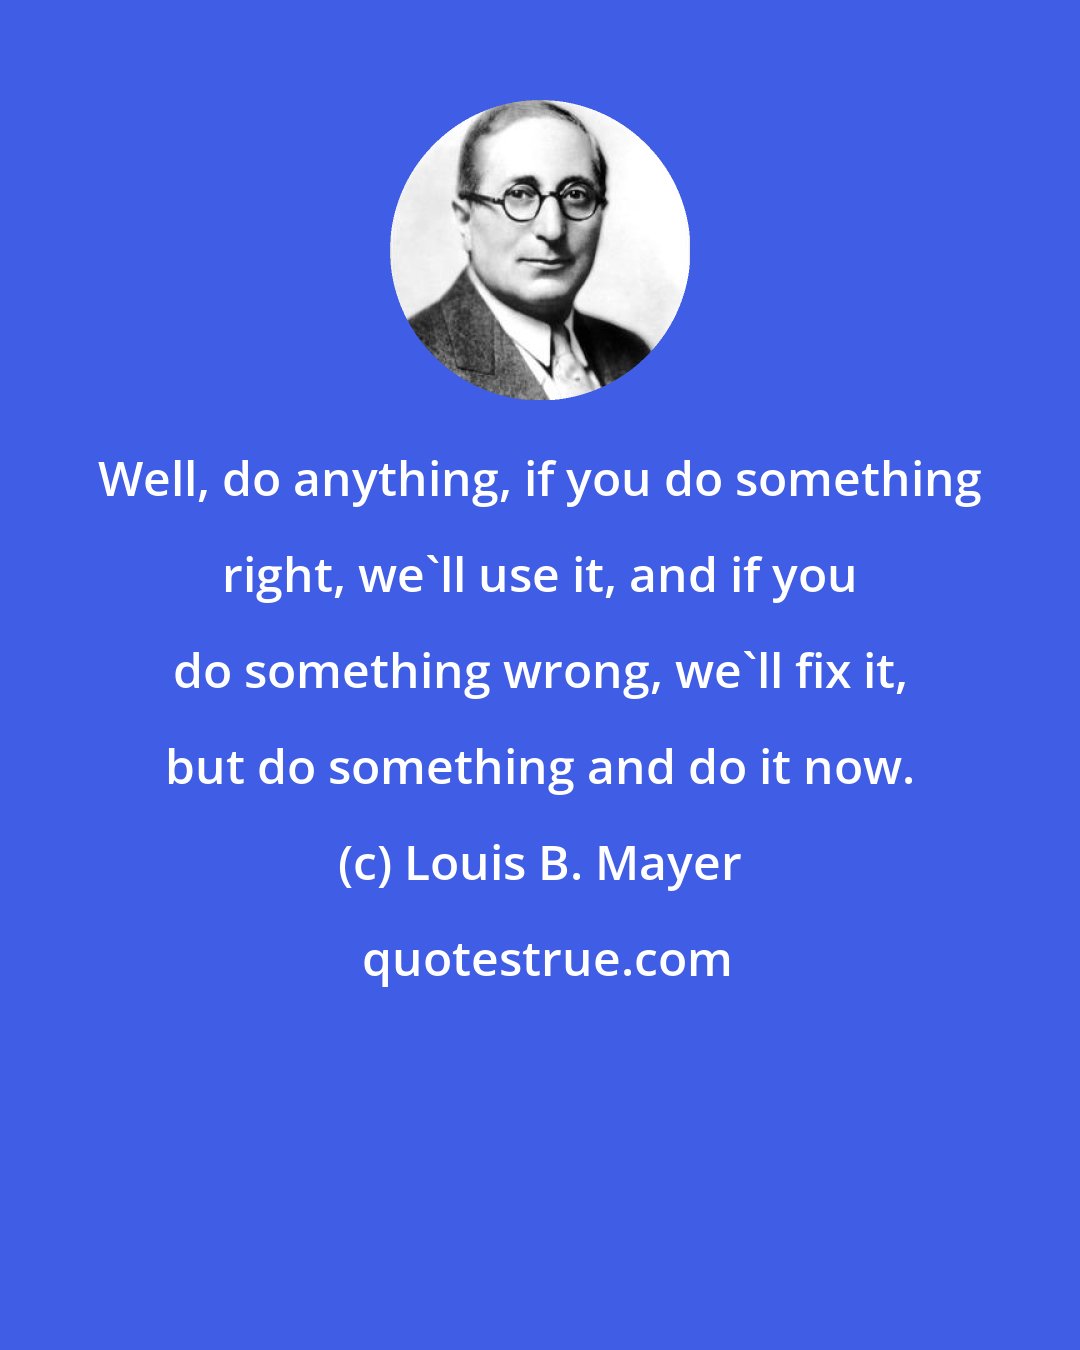 Louis B. Mayer: Well, do anything, if you do something right, we'll use it, and if you do something wrong, we'll fix it, but do something and do it now.
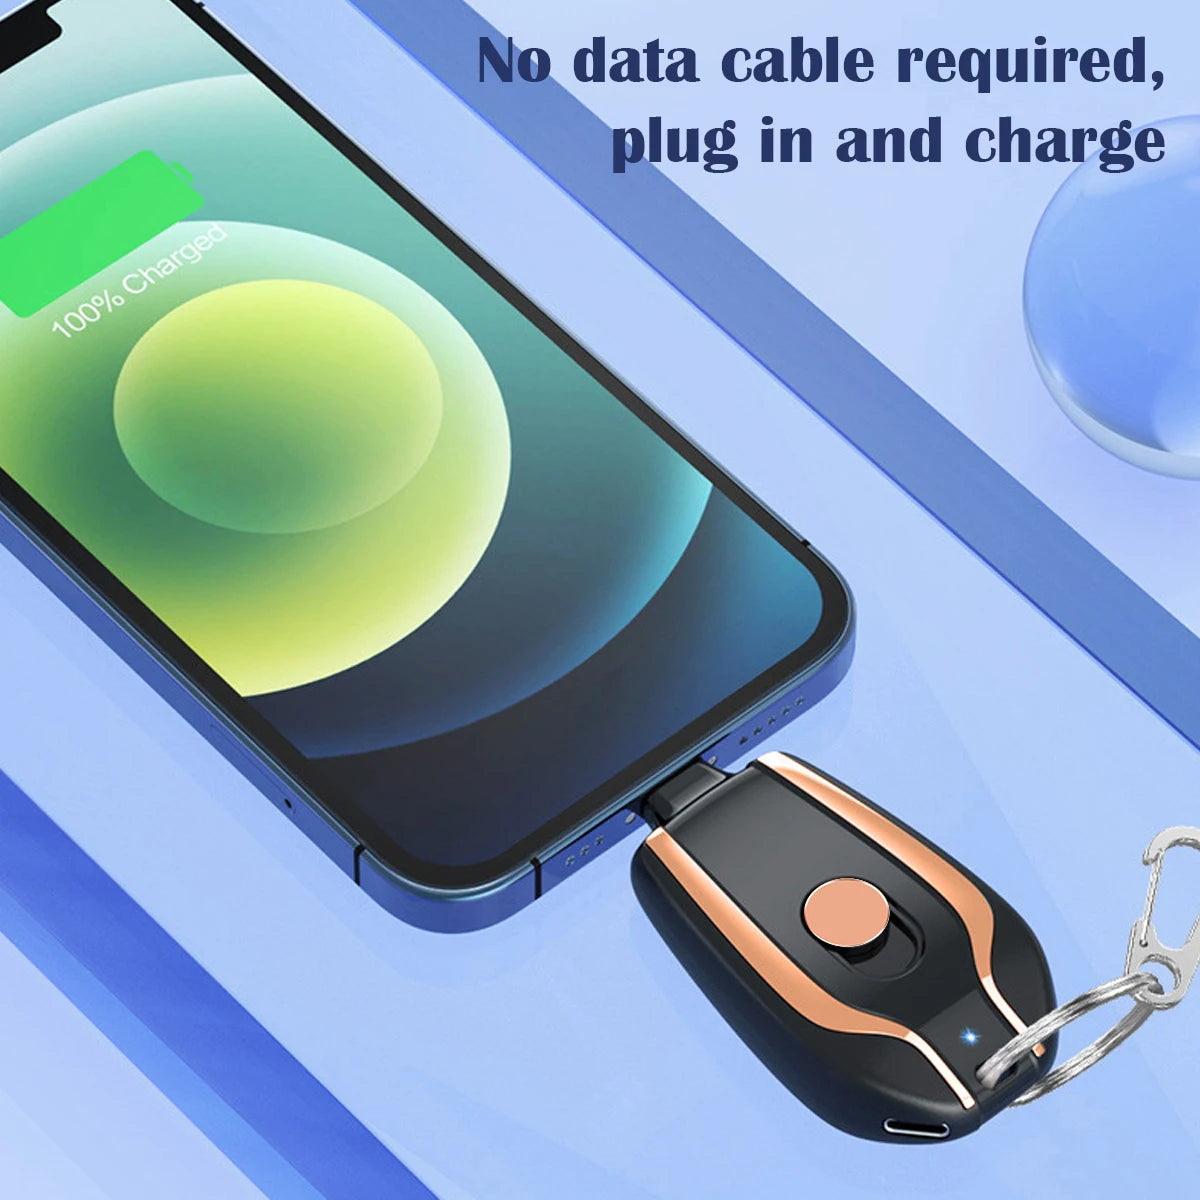 Compact Keychain Phone Charger
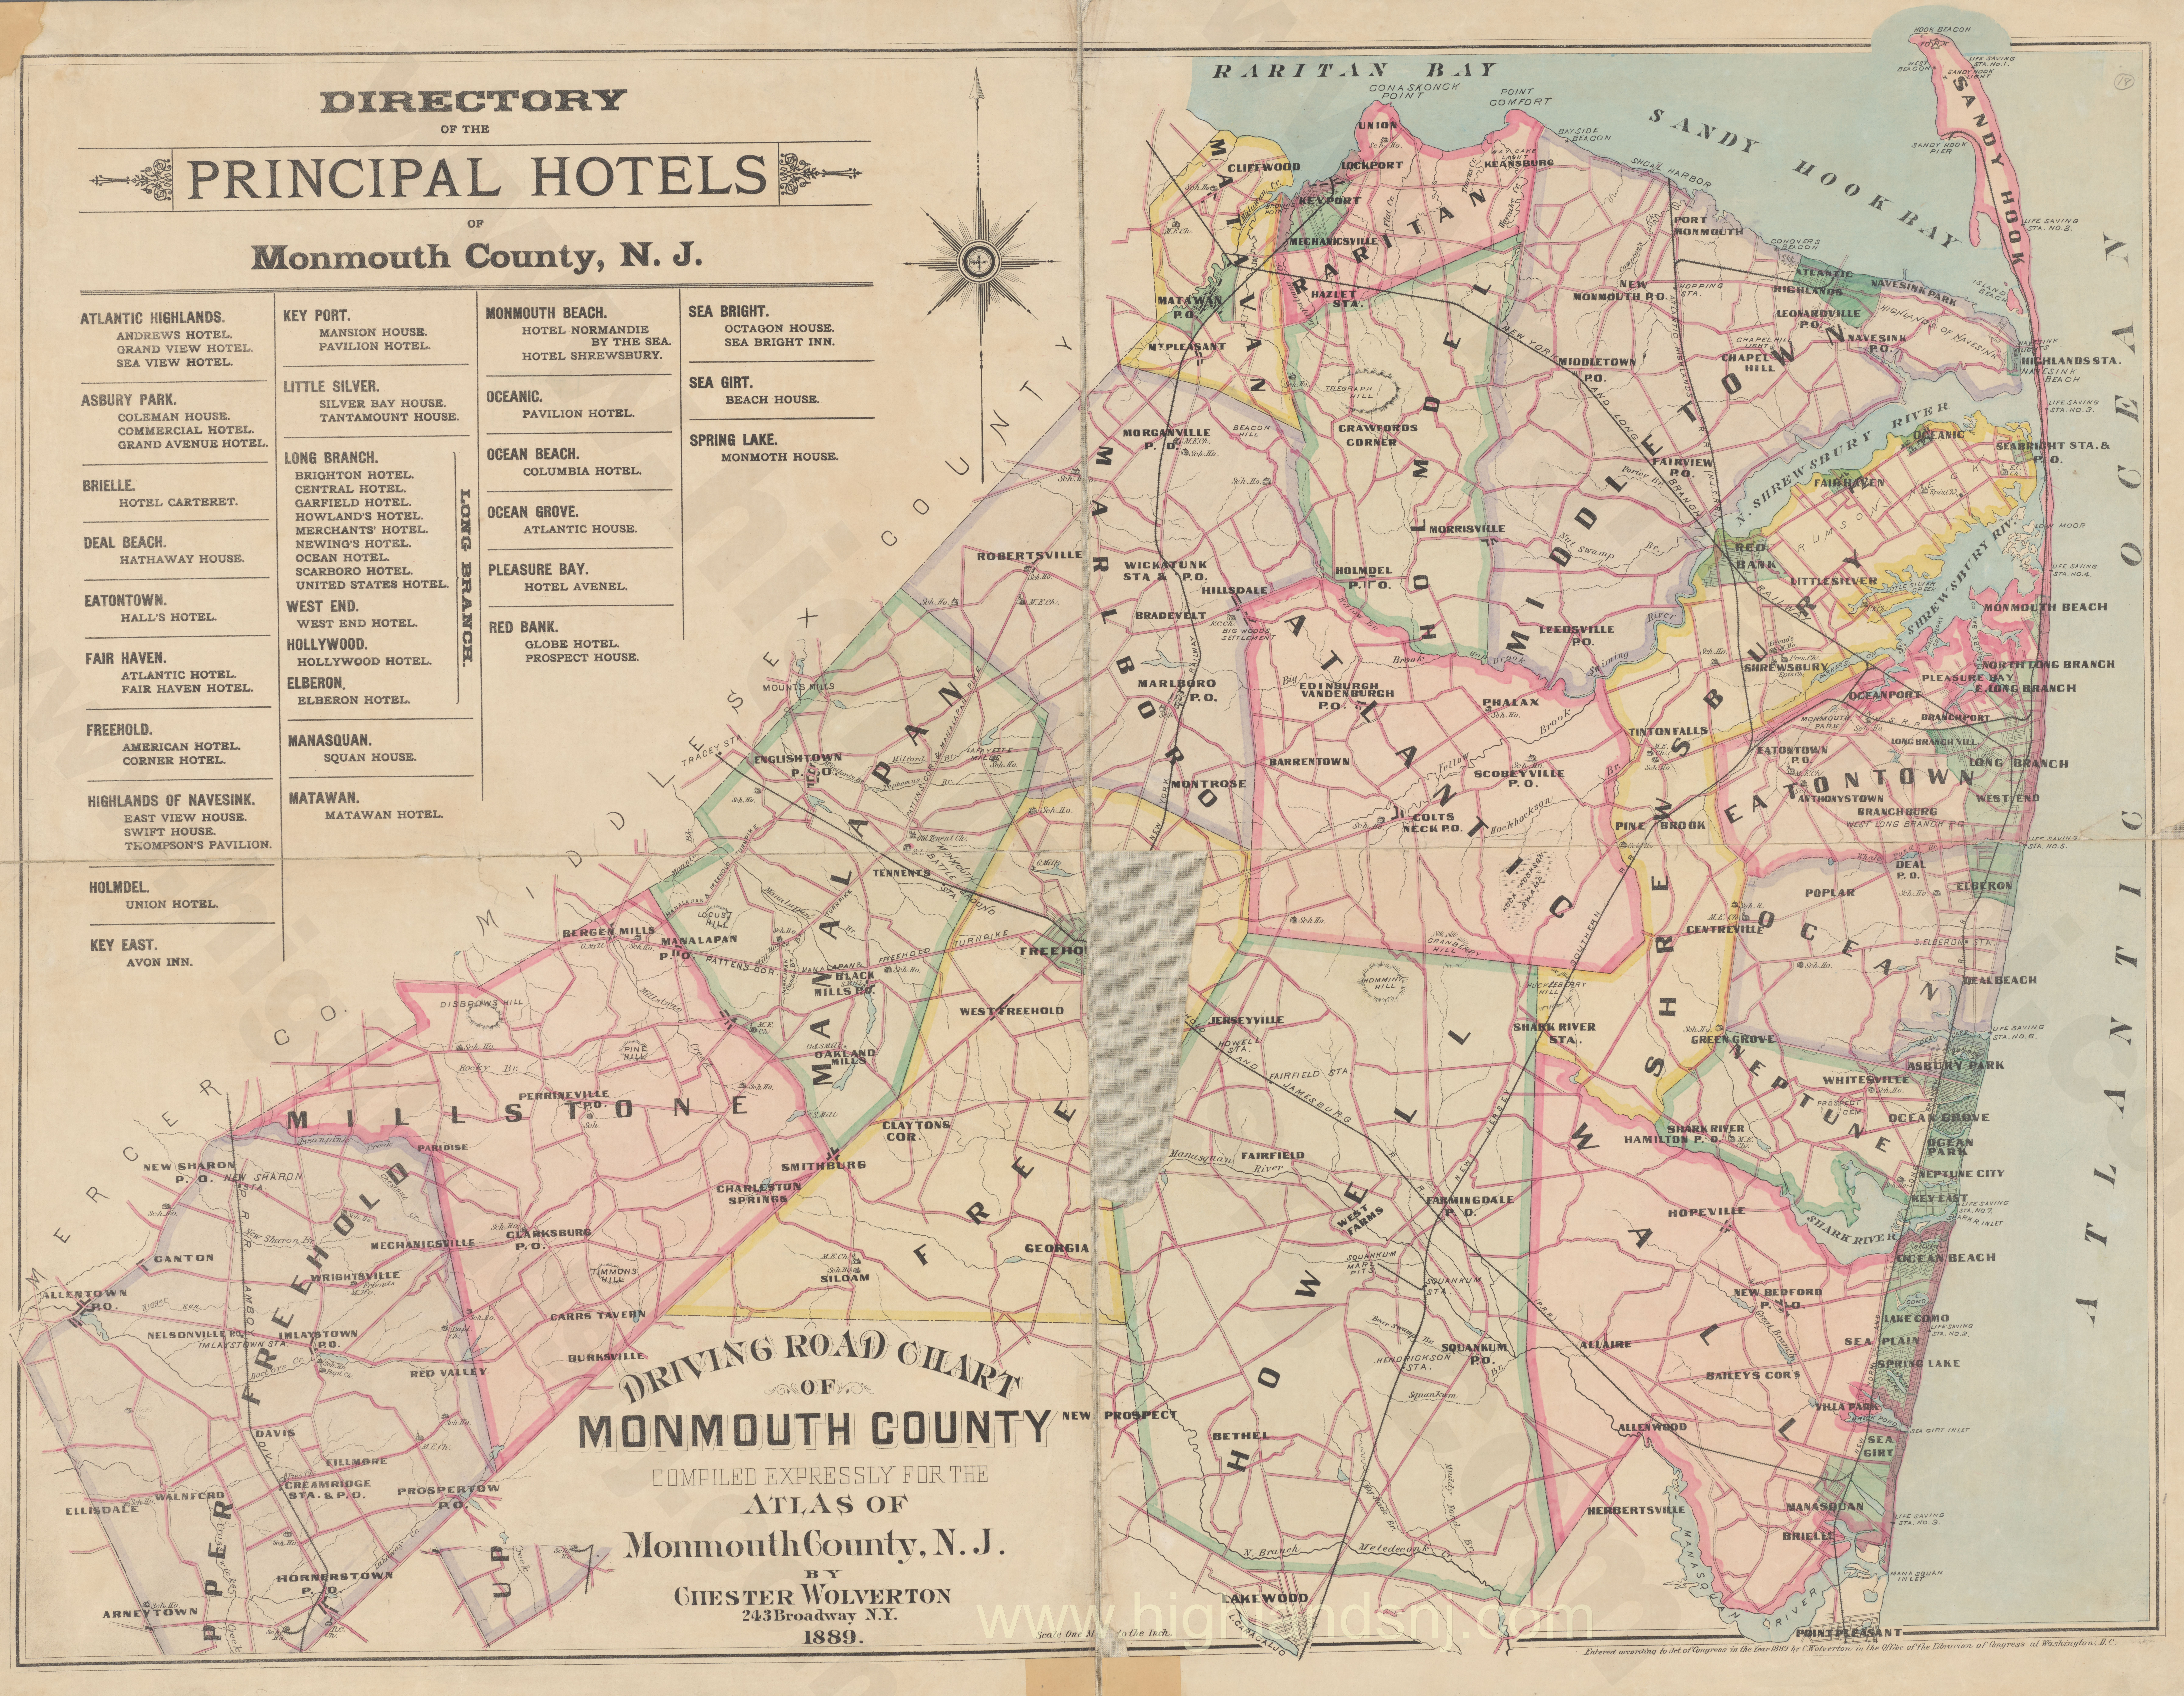 1889 Map of Driving road chart of Monmouth County Principal Hotels
***
- [The task]: When you repeat the listing, keep it exact and leave the pictures behind.

- [Solution below]:
 Louis B. Mayer: Well, do anything, if you do something right, we'll use it, and if you do something wrong, we'll fix it, but do something and do it now.
 Compact Keychain Phone Charger
 1889 Map of Driving road chart of Monmouth County Principal Hotels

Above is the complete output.